Aris menuju ke rumah Mamanya setelah pulang kantor, masih dengan setelan kantornya, melepas 2 kancing atas kemejanya juga menggulung lengan kemejanya.
Ia mengendarai pelan mobilnya, rasa hatinya seperti malas hendak menuju ke rumah itu. Hubungan mereka merenggang jauh semenjak Aris melempar tuduhan Mamanya lah penyebab menghilangnya Pradjna. tetapi wanita yang sudah melahirkannya itu menyangkal keras tuduhan tersebut.
Semua semakin menjadi dingin saat Mamanya mulai menjodohkannya dengan wanita-wanita yang menurut Mamanya kompeten sebagai mantunya. Aris muak sekali saat Mamanya selalu menyodorkan wanita-wanita itu padanya. Wina terutama, wajahnya memang cantik tetapi kepalanya seperti tidak ada isinya.
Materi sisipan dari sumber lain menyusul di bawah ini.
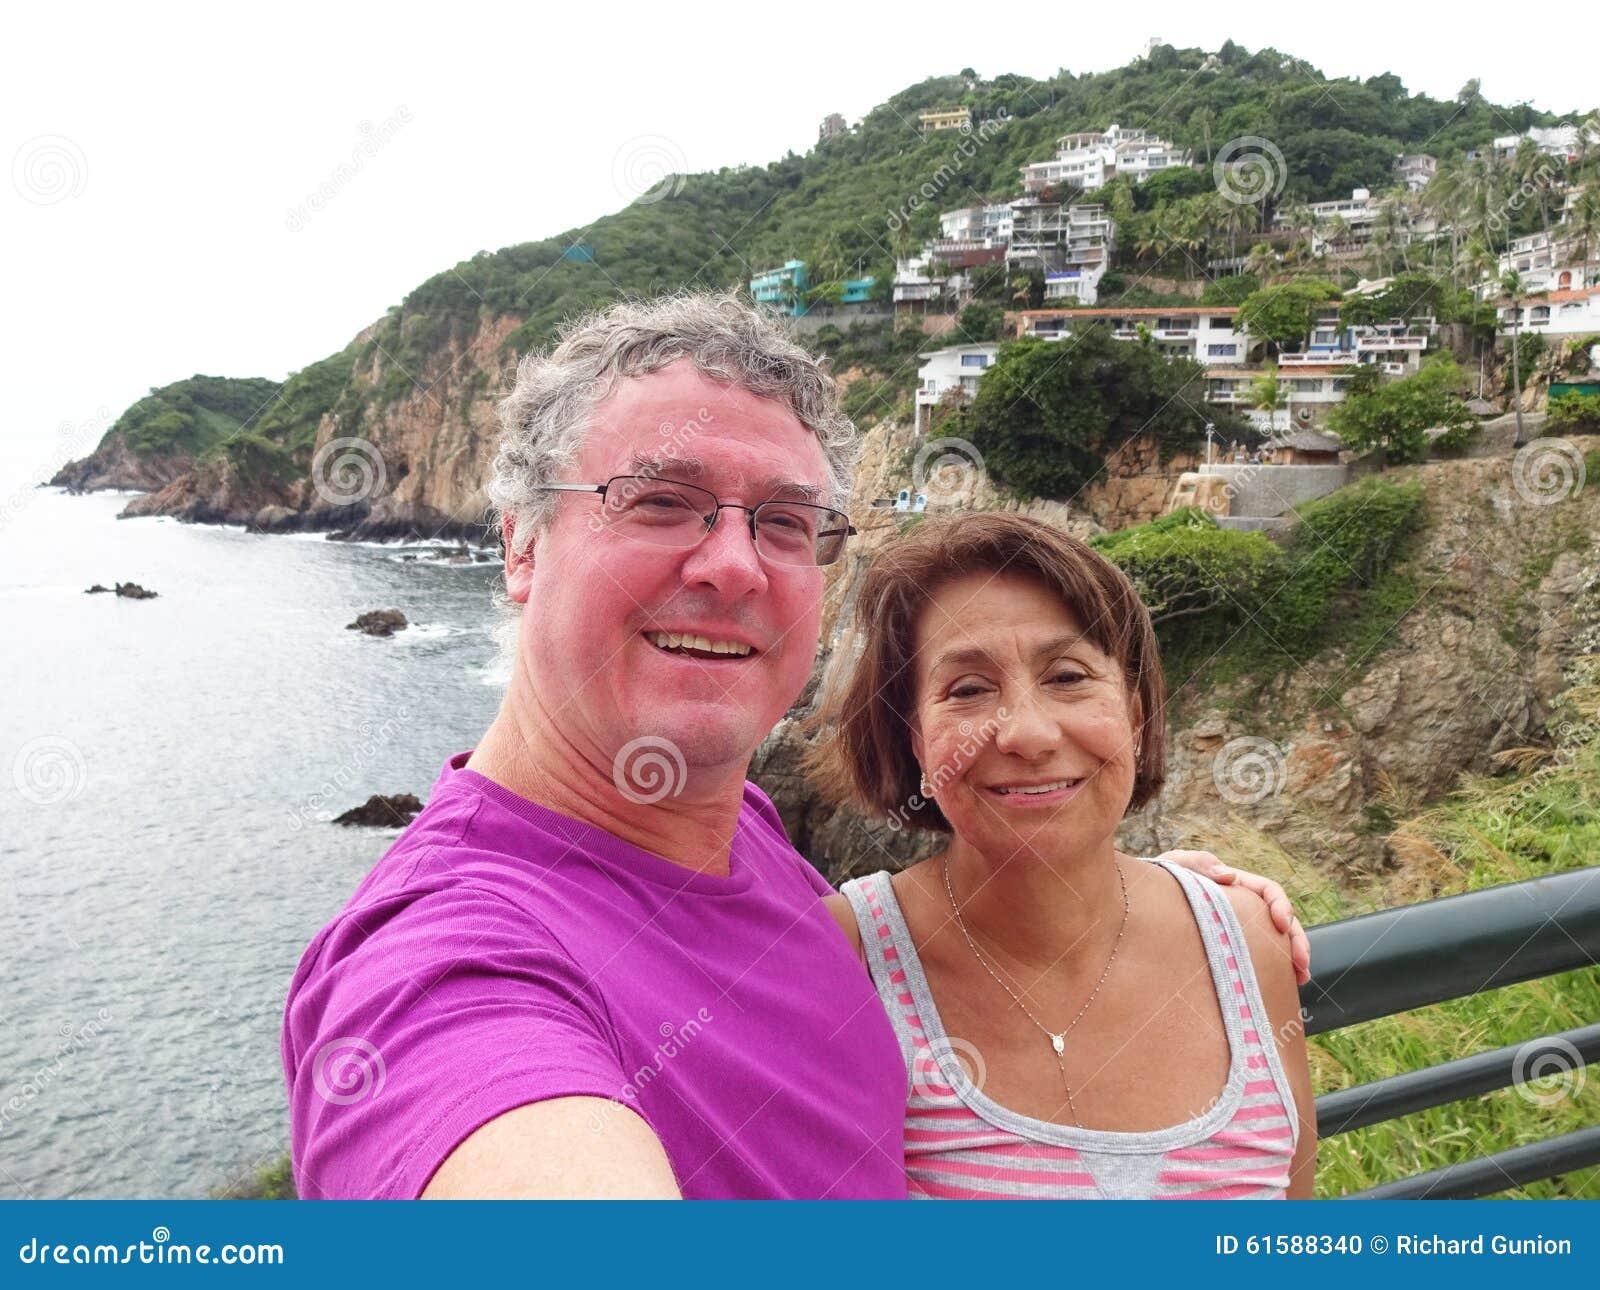 Acapulco Selfie in Mexico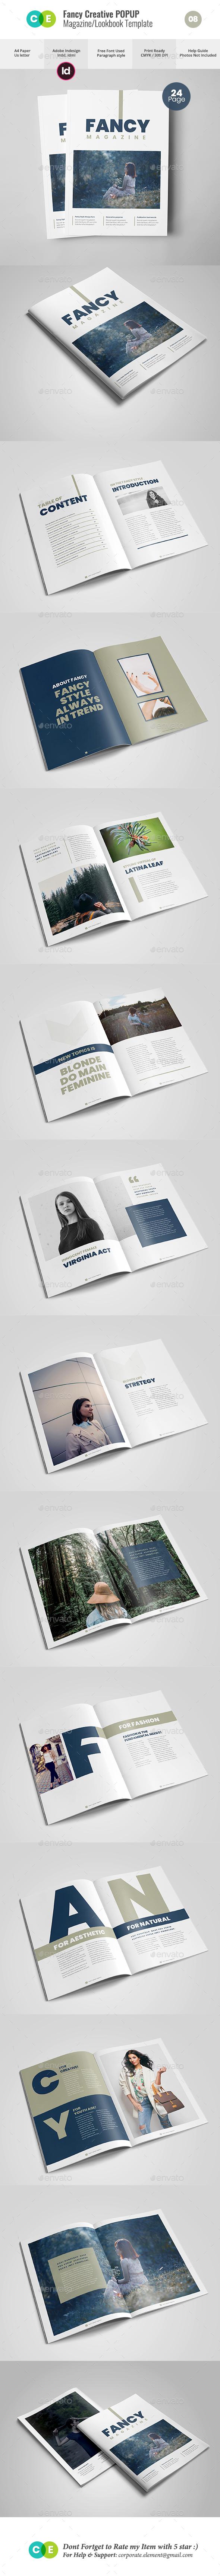 FANCY Fashion Minimal Magazine / Lookbook V08 - Magazines Print Templates

"Kalau cuma cantik, banci Thailand banyak yang lebih cantik darinya, Ma" begitu kata Aris dulu, hingga membuat Wina menangis dan Mamanya menampar pipinya. Wina memang cantik, ahli memulas make up pada wajahnya, juga memlilih pakaian mana yang akan ia kenakan lengkap dengan aksesorinya tapi coba ajak gadis itu mengobrol masalah saham atau berita negara terkini, di jamin tidak akan ada jawaban yang masuk akal. Apalagi hobi belanjanya itu, membuat kepala Aris pening seketika, bukan karena jumlah angka yang keluar, hanya ia tidak melihat kegunaannya. "Dasar wanita hedon" ucap Aris dalam hatinya mengingat gadis yang digadang-gadang menjadi mantu Mamanya itu. Aris bergidik, lebih baik jadi bujang lapuk daripada harus jadi suami Wina.
Mobil Aris sudah ada di depan gerbang rumahnya, seorang satpam membukakan gerbang.
Aris membuka kaca mobilnya melongokkan sedikit kepalanya keluar "Bang, siapa yang datang hari ini ke rumah?" tanyanya pada satpam rumahnya.
"Ada mba Wina, den Aris. Datang tadi sekitar jam 2 siang" jawab satpam itu.
Aris menghela nafasnya, feeling nya benar, ia memundurkan mobilnya lalu memutar ke arah ia pulang, lalu berhenti sebentar melambai ke satpamnya.
"Jangan bilang saya datang ya, Bang" kata Aris sambil menyelipkan beberapa lembar uang ke tangan satpamnya itu lalu bergegas menginjak gasnya.